Task description =
The whole listing should come back exactly as written, except for the pictures.

Recorded data =
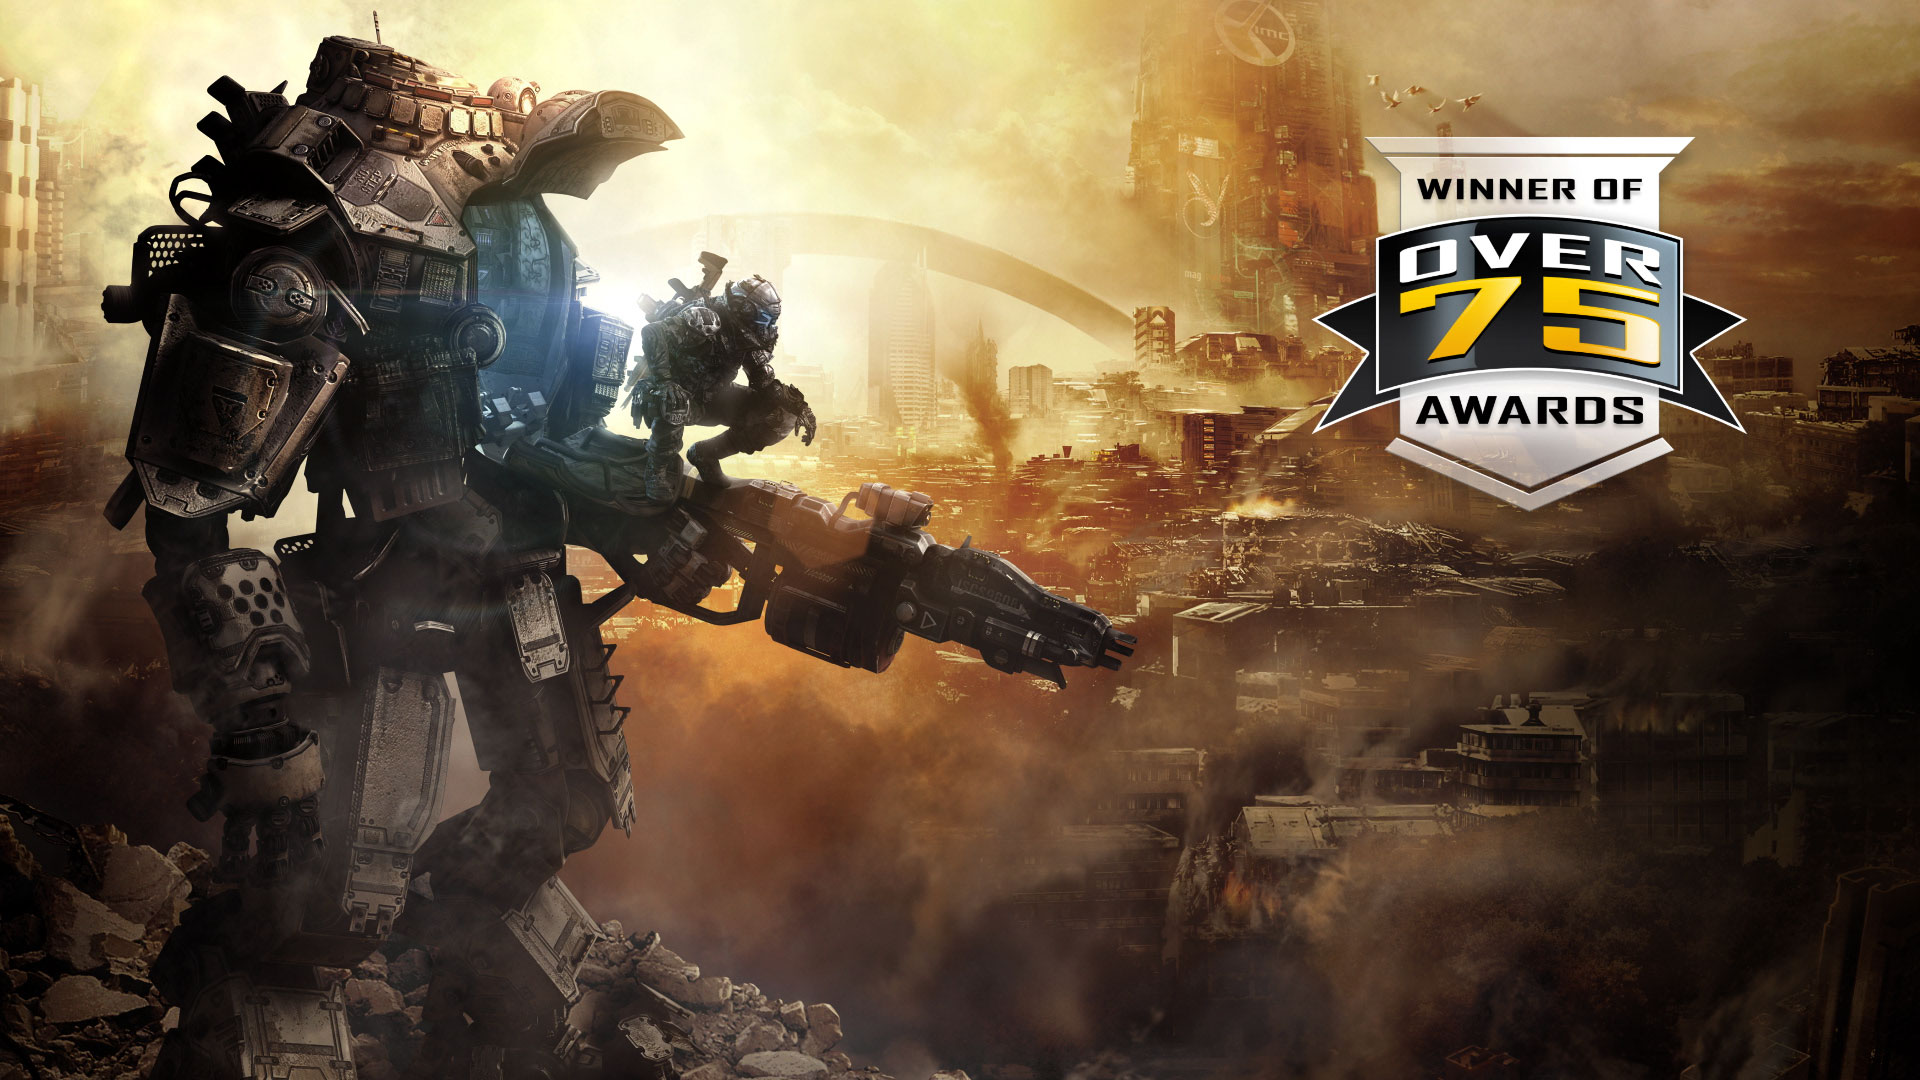 Titanfall update out later today – adds private matches and changes Gooser challenge
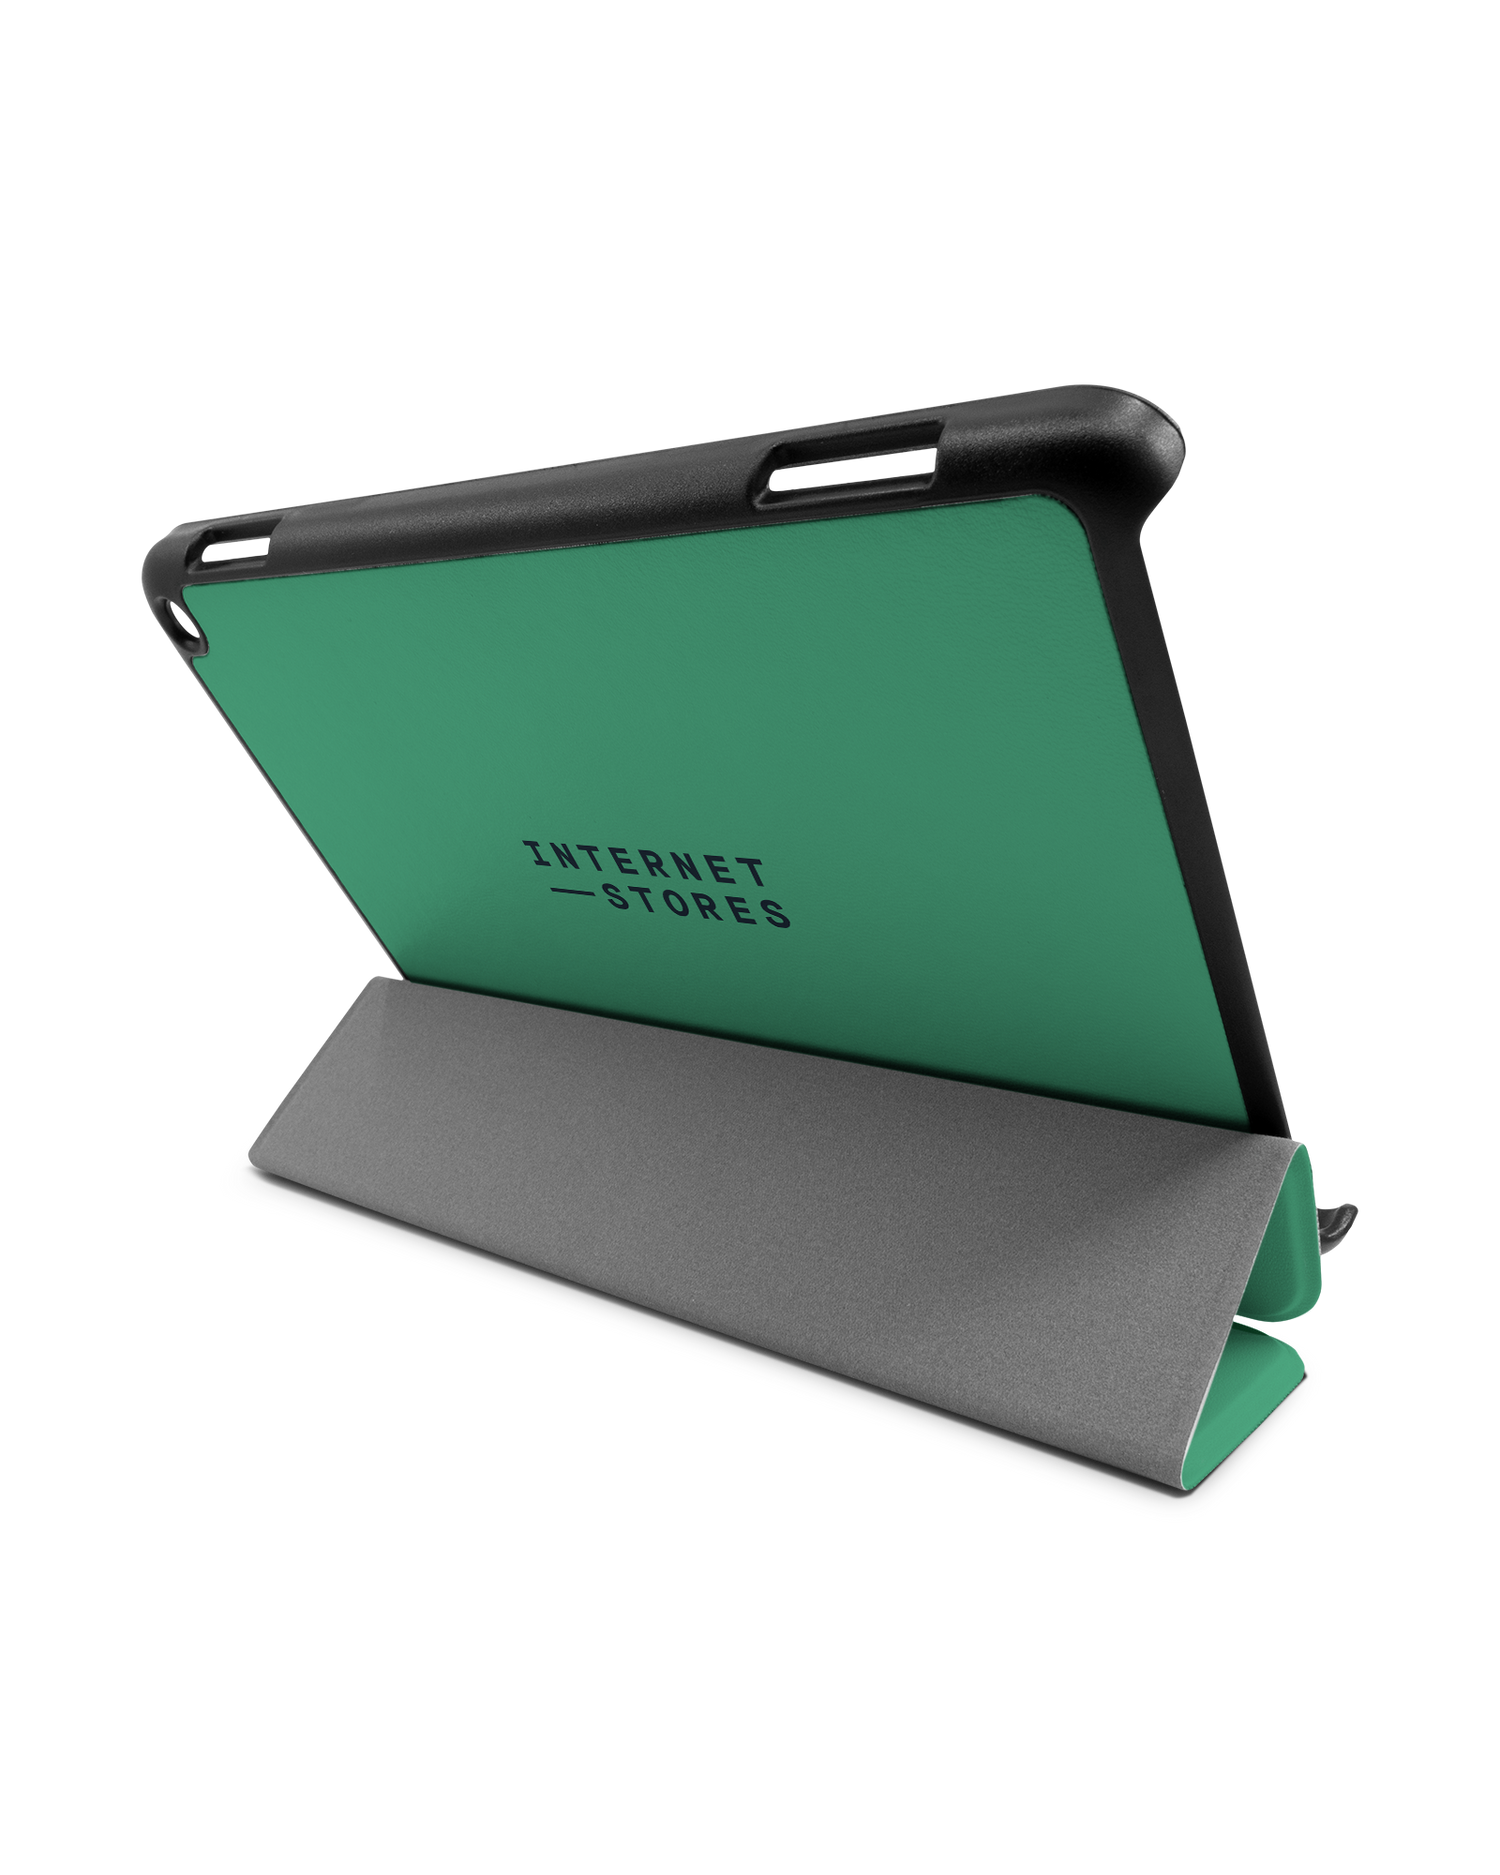 ISG Neon Green Tablet Smart Case for Amazon Fire HD 8 (2022), Amazon Fire HD 8 Plus (2022), Amazon Fire HD 8 (2020), Amazon Fire HD 8 Plus (2020): Used as Stand
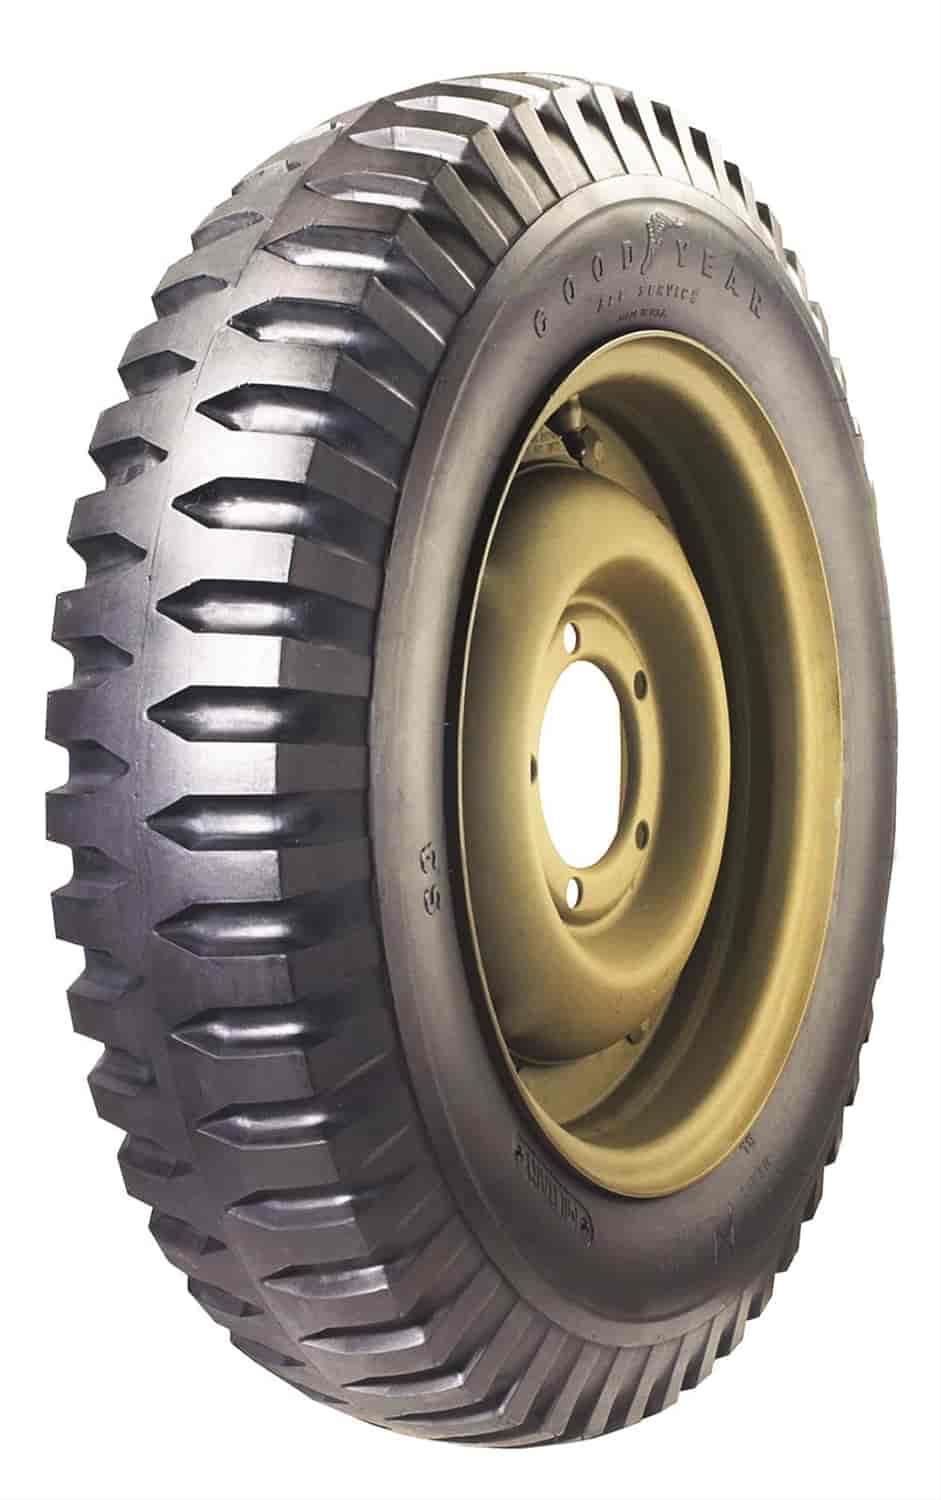 Goodyear Collector Series NDT Military Tire

Solution for this problem =
 Titanfall update out later today – adds private matches and changes Gooser challenge
 ISG Neon Green Tablet Smart Case for Amazon Fire HD 8 (2022), Amazon Fire HD 8 Plus (2022), Amazon Fire HD 8 (2020), Amazon Fire HD 8 Plus (2020): Used as Stand
 Goodyear Collector Series NDT Military Tire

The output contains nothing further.